Introduction:: [Introduction] Mechanical stimulations from the extracellular matrix (ECM) modulate vascular differentiation, morphogenesis, and dysfunction. Tissue stiffening, and vascular dysfunction in aging, limit prospects for vascular morphogenesis and regeneration. Specifically, an increase in ECM stiffness correlates with a decrease in vascular density and an increase in vascular permeability. A stiffening matrix compromises vascular adherence junction, leading to the dysfunction of vascular networks. In our previous study, we discovered that the interactions between endothelial cells (ECs) and extracellular matrix (ECM) results in EC- stiffening of the ECM. Our current hypothesis is that this stiffening occurs due to alterations in the microstructure of the ECM, which creates stiffness gradients around the vascular network (Fig 1A). We established an ECM-particle based in vitro hydrogel system for 3D traction force microscopy and matrix mechanical mapping of live EC networks. This system can be adapted for studying cell-matrix mechanical interactions. Traction force from live ECs generates matrix gradients during growth in 3D, and the persistent movement of beads is associated with asymmetries in traction force distribution and collagen stiffness gradients.
Materials and Methods:: [Materials and Methods] Endothelial colony-forming cells (ECFCs, labeled by CellTracker) are encapsulated with a large volume of carboxylate-modified fluorescent beads in each hydrogel and cultured in endothelial cell growth medium media supplemented with vascular endothelial growth factor. The stiffening hydrogel (Col/HA) is fabricated by mixing methacrylate hyaluronic acid (HA-MA) with methacrylate collagen I (Col-MA). We utilized MA to allow dynamic stiffening. Adding HA increases the number of MA sites, which allows the optimization of a range of stiffness increases. For stiffening the hydrogels, on day 2, the MA groups are photo-crosslinked using a Ru photoinitiator and visible light. We use the 0 (soft) and 60 (stiffened) sec photo-crosslinking times that correspond to 100 Pa to 240 Pa stiffness, respectively. The confocal microscopy time-lapse imaging on live ECFCs (by Nikon Ti2-E) is conducted at three timing points: day 1, day 2 right after photo-crosslinking, and day 3 (Fig 1B). The collected images are processed and analyzed by TFMLAB and NIS Elements software.

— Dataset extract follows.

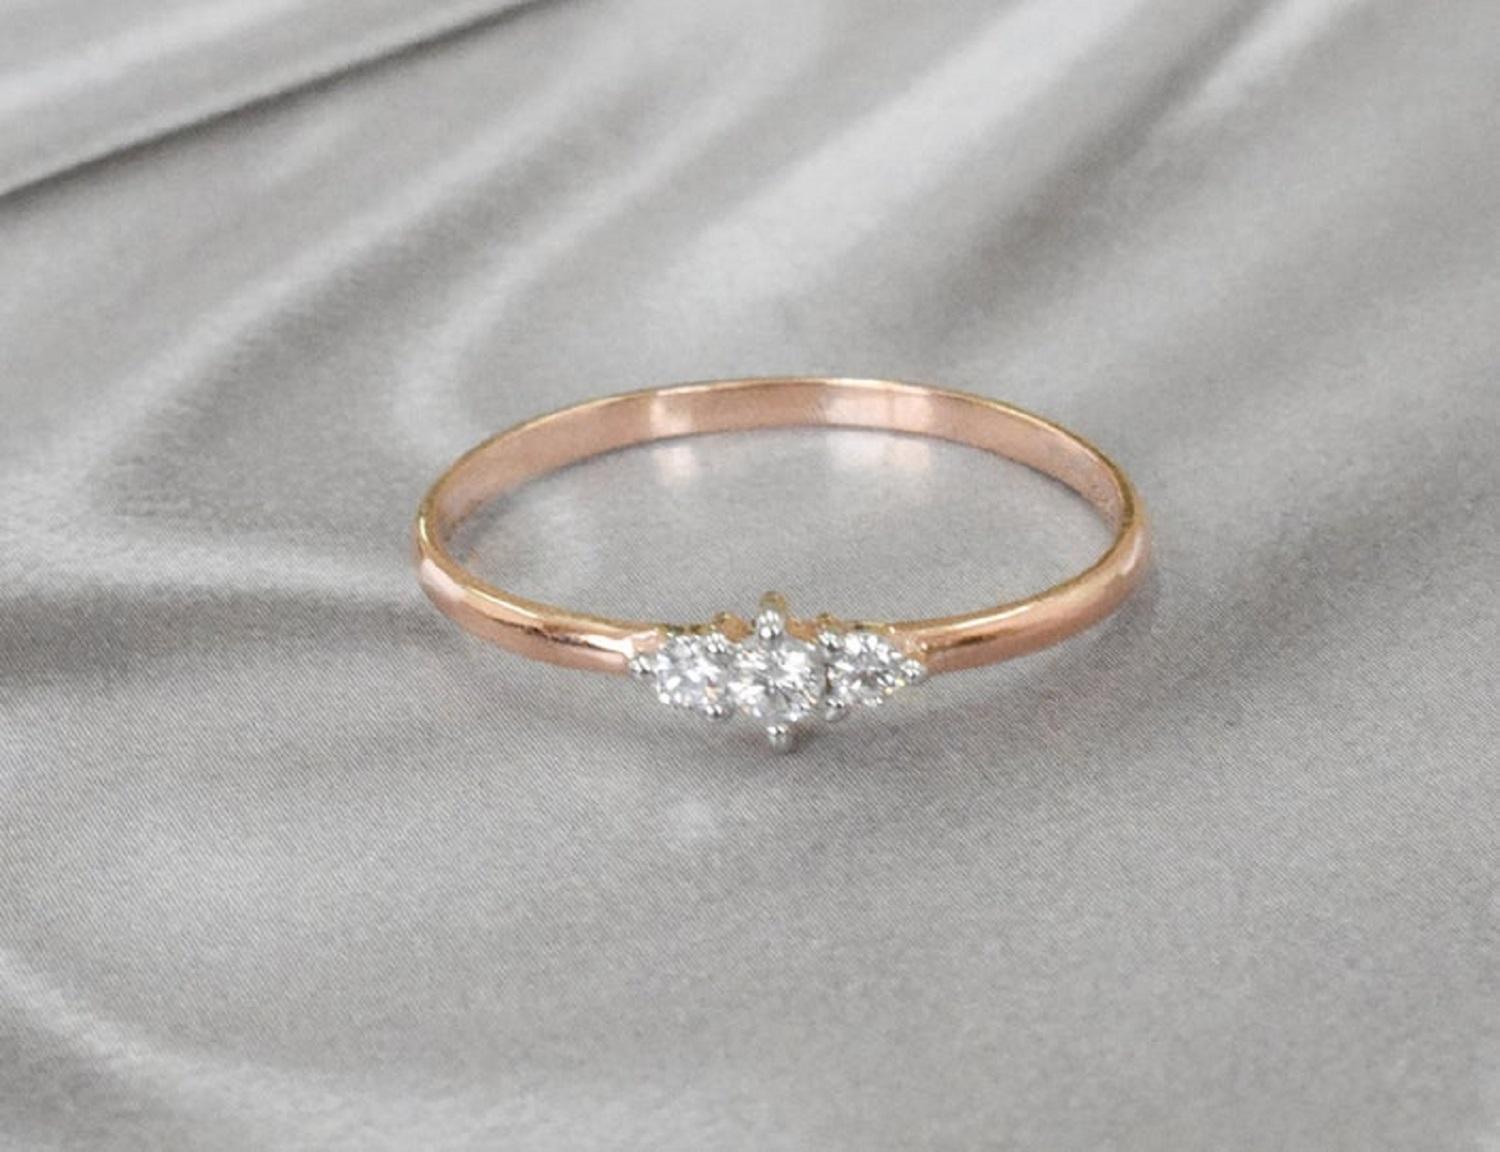 For Sale:  14k Gold Three Stone Diamond Engagement Ring Trio Diamond Ring 8

Results, Conclusions, and Discussions:: [Results and Discussion] The dynamic stiffening of the ECM was controlled by the crosslinking time of Col-MA. In this work, we focused on the 0 and 60 sec photo-crosslinking times, which corresponded to ~100 Pa and ~240 Pa stiffness to mimic the two-fold change in stiffness observed in aging and diseased tissues Within the ECM-particle based in vitro hydrogel system, where vessel morphology significantly changed after ECM subjected to a stiffness increase to 240 Pa (Fig. 1C). ECFCs modulate their surrounding ECM density during vasculogenesis, where stiffening matrix shows a higher collagen fiber density (Fig. 1D). The persistent movement of beads are corresponding to the matrix deformation. The increasing ECM stiffness alter the beads movement where in stiffener matrix the beads move slower and to less distance around the networks compared with softer matrix (Fig. 1E), suggesting stiffener matrix has slower and less matrix deformation than softer matrix.
[Conclusions] Endothelial cells mediate ECM stiffening during vasculogenesis and alter fiber structure. The stiffening matrix amplifies the EC-based mechanical modulations of the ECM, especially the ECM that close to the cell-ECM interface, further augments the stiffness impact on compromising vascular function. The application of this ECM-particle based in vitro hydrogel system could lay the foundation for uncovering the mechanical interactions of the vasculature with the surrounding microenvironment, ultimately leading to the development of new biomechanical sensing strategies. Ongoing studies focus on quantifying how the stiffening matrix induces EC-based ECM modulation.